Le deuxième motif de discrimination soulevé par l’Afip, à savoir l’origine, recule également dans certaines entreprises et certains secteurs. « C’est particulièrement flagrant dans les entreprises internationales, celles qui ont engagé une véritable politique de diversité, et au sein de certains secteurs, comme l’informatique, du fait de la tension du marché sur certains métiers », affirme Alain Gavand.

Chez L’Oréal, qui compte 20 % de profils universitaires dans ses effectifs consacrés à la recherche, de nombreuses actions ont été mises en place pour s’ouvrir à la multiculturalité. L’entreprise a noué des partenariats avec des associations comme l’Afip, IMS-Entreprendre pour la cité, afin qu’elles lui proposent des profils diversifiés, tant par les origines que par les filières. Elle a également lancé des opérations avec d’autres entreprises, comme le Forum Emploi et Diversité qui a ainsi rassemblé 200 jeunes, la plupart issus de l’université. Après une première sélection, ces jeunes ont suivi le même process de recrutement que les autres candidats issus de sourcing différents. 12 % d’entre eux ont été recrutés.
Avec des entreprises comme Danone ou Auchan, L’Oréal a également mis en place des liens avec différentes universités pour favoriser la mutuelle connaissance des métiers avec des étudiants en sciences humaines, et leur proposer suivis, stages ou remplacements d’été. Une démarche qui reste rare, selon Fabrice Lacombe : « Le fait de recruter dans des filières comme l’histoire ou les sciences humaines pour des postes de commerce, marketing ou RH, se heurte à un blocage culturel lié aux profils atypiques. »

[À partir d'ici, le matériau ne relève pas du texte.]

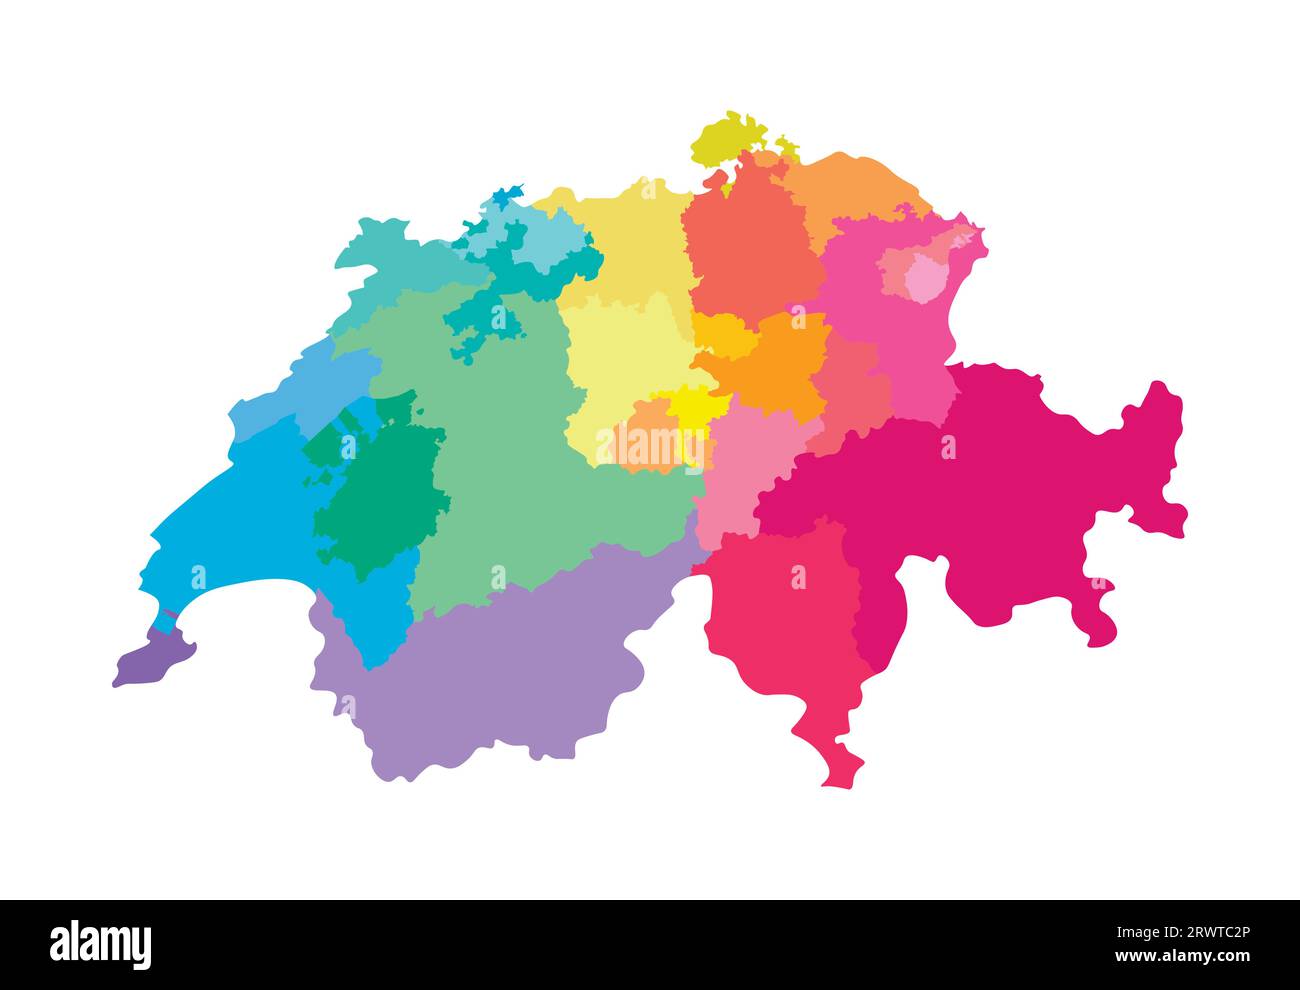 Vektorisolierte Darstellung einer vereinfachten Verwaltungskarte der Schweiz. Grenzen der Regionen. Mehrfarbige Silhouetten. Stock Vektor
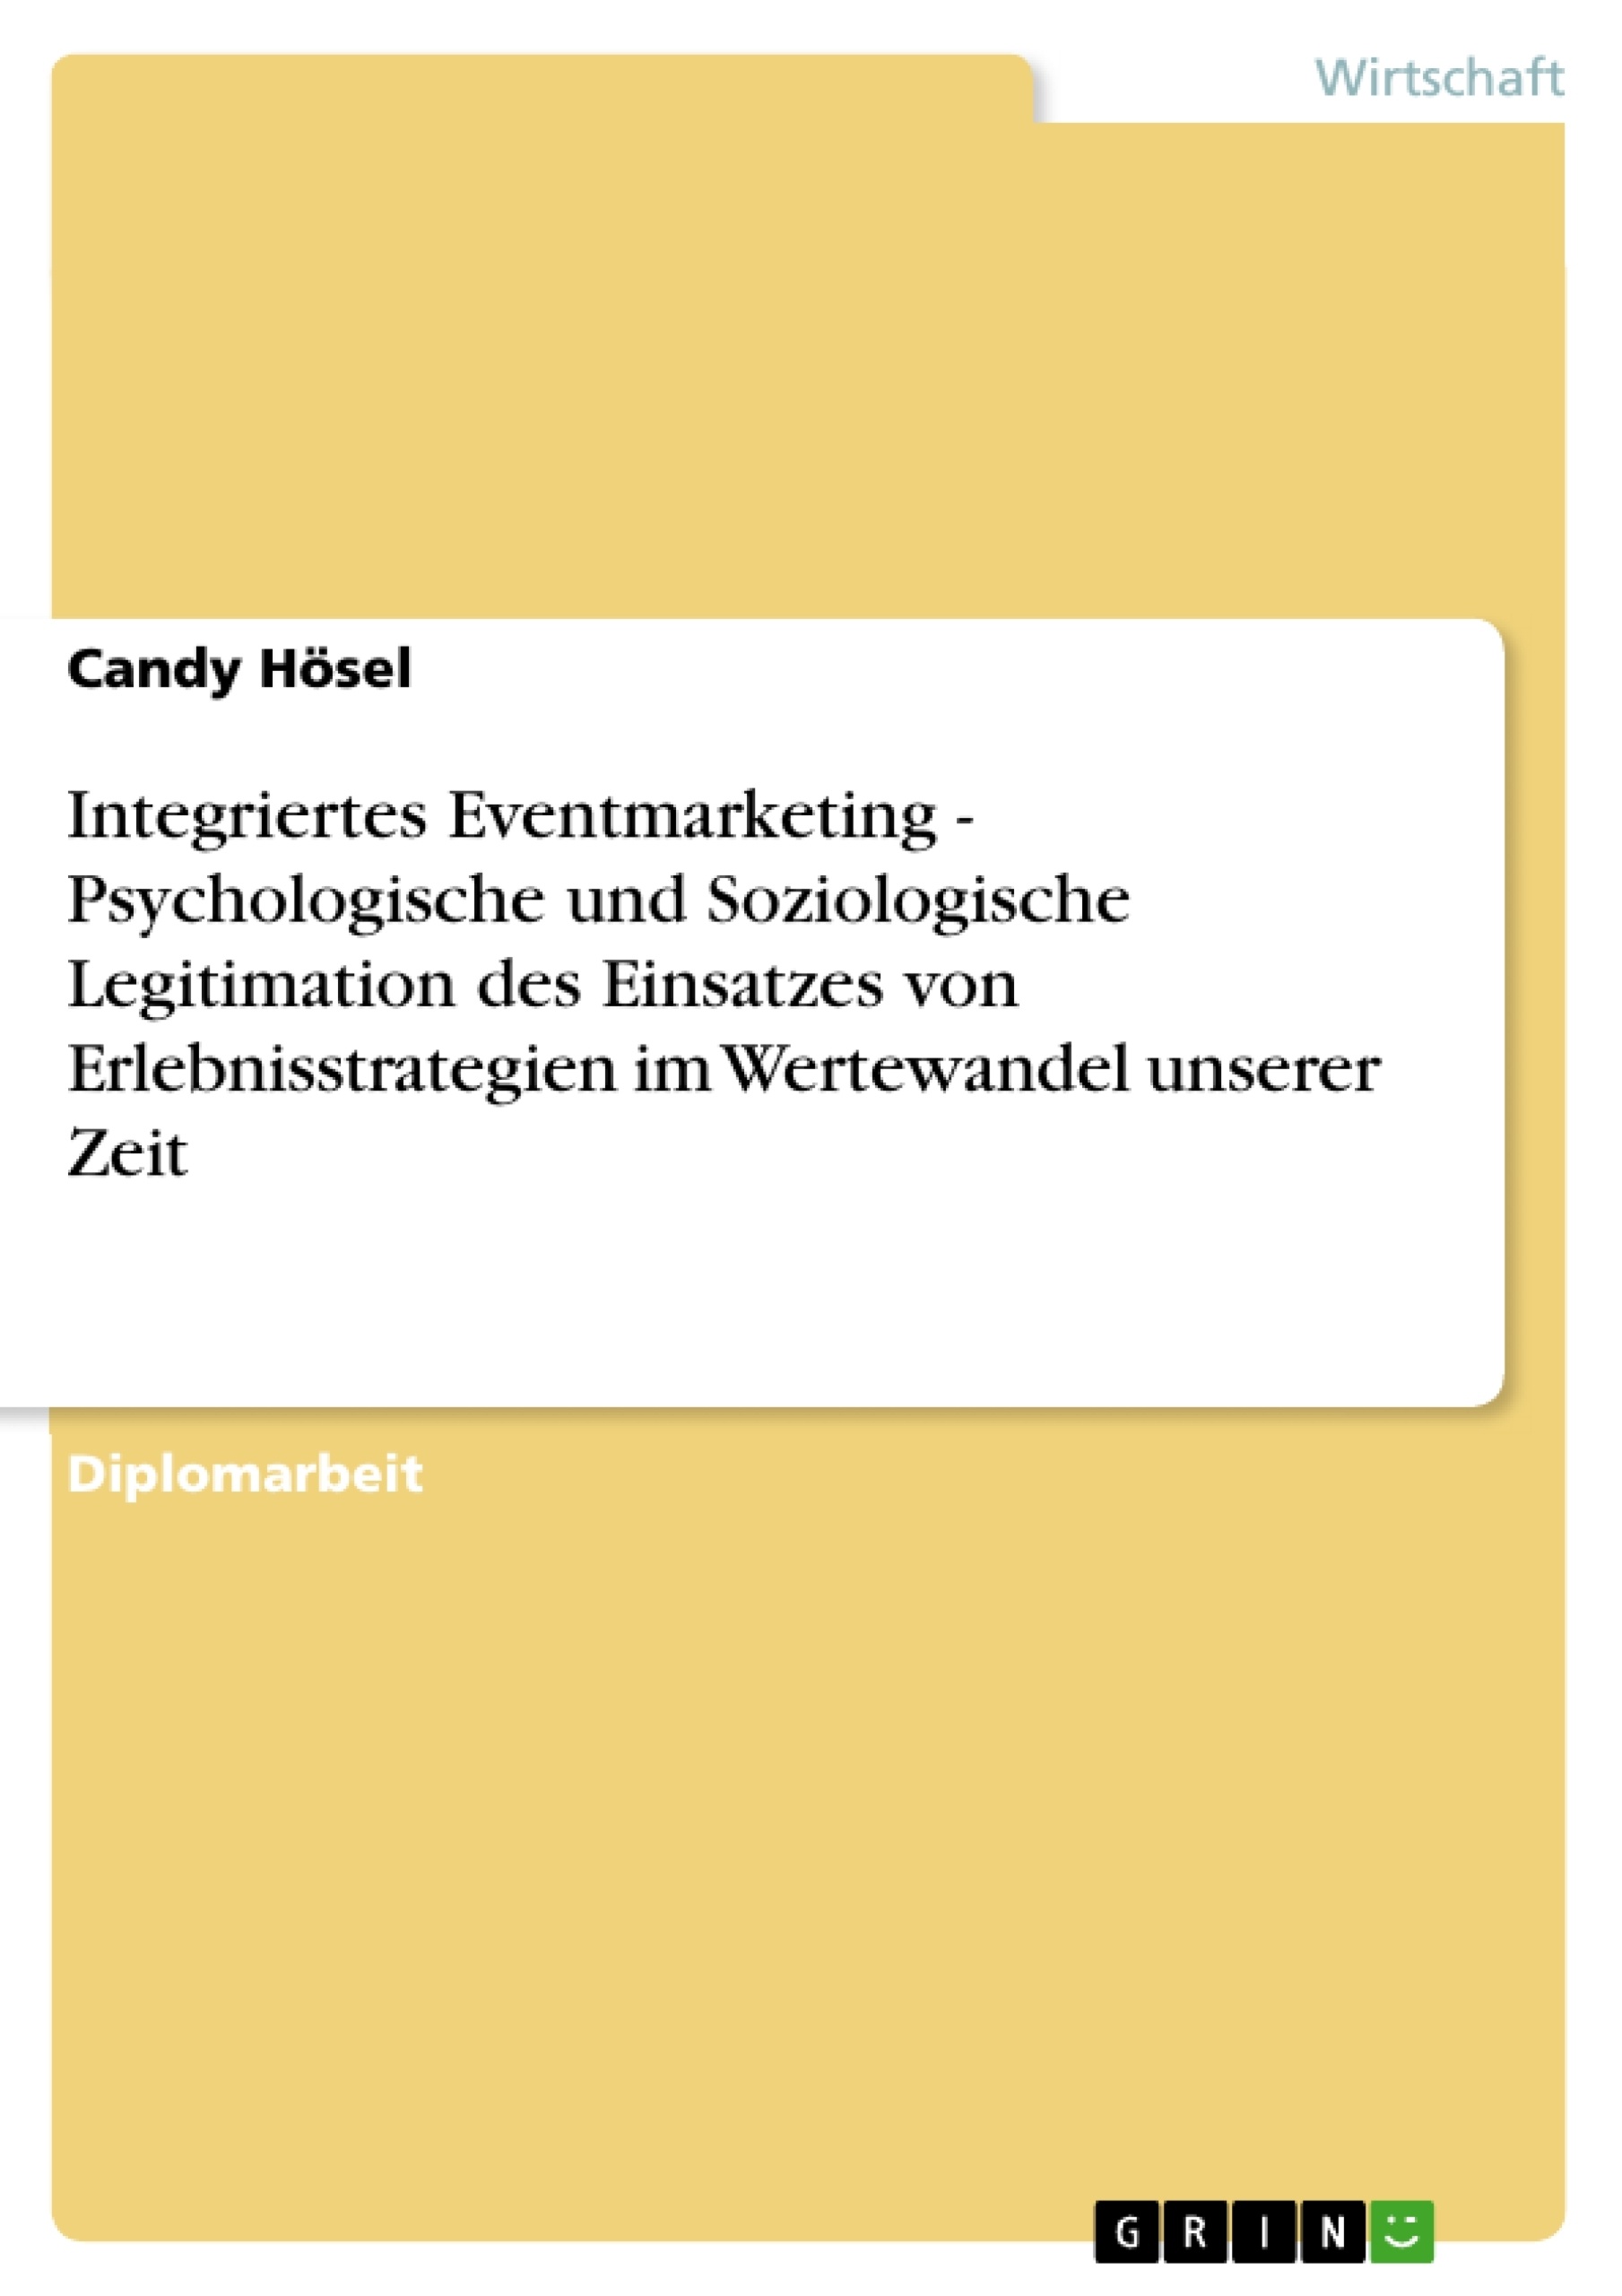 Title: Integriertes Eventmarketing - Psychologische und Soziologische Legitimation des Einsatzes von Erlebnisstrategien im Wertewandel unserer Zeit

Autre écueil : un contexte de crise qui se caractérise par le manque de perspectives actuelles dans les entreprises. Une réalité qui touche autant les universités que les grandes écoles, fait remarquer Amélie Bruder, du collectif Génération Précaire : « Le nombre de postes de cadres en entreprise n’évolue pas. »

Mettre les étudiants au coeur de leur projet professionnel

Dans ce débat qui met face à face universités et entreprises, Julie Coudry exprime la nécessité d’impliquer les principaux concernés, à savoir les étudiants. La fondatrice et directrice générale de La Manu, association qui fabrique le lien entre les étudiants des universités et les entreprises, rappelle les actions mises en place depuis deux ans, visant à inciter les étudiants à être acteurs de leur avenir pendant leur formation. En premier lieu, des étudiants volontaires organisent des rencontres avec des entreprises qu’ils sollicitent, afin qu’elles puissent appréhender les compétences professionnelles qui se cachent derrière un intitulé de diplôme. Autre action : le concours de Manu marketing des diplômes, pour lequel les étudiants identifient toutes les compétences liées à leur diplôme dans cinq grands domaines, créent un outil marketing intégrant ce référentiel et le présentent devant un jury de recruteurs. Une approche qui leur permet de valoriser leurs compétences et de se positionner en tant que ressources vis-à-vis des entreprises.

Si, du fait de leurs actions ou en partenariat avec des associations, les universités avancent sur le chemin de la professionnalisation, il reste un champ qu’elles ont encore peu exploré : leur réseau d’anciens. Une évolution nécessaire et fondamentale pour Ludovic Guilcher, responsable du réseau de l’association des diplômés HEC et directeur-adjoint du cabinet du ministère du Budget, des Comptes publics et de la Réforme de l’Etat. « Le réseau d’anciens constitue une vraie force pour favoriser les contacts, les opportunités et la carrière. Certaines universités sont en train de dupliquer ces modèles. Elles sont sur le bon chemin. »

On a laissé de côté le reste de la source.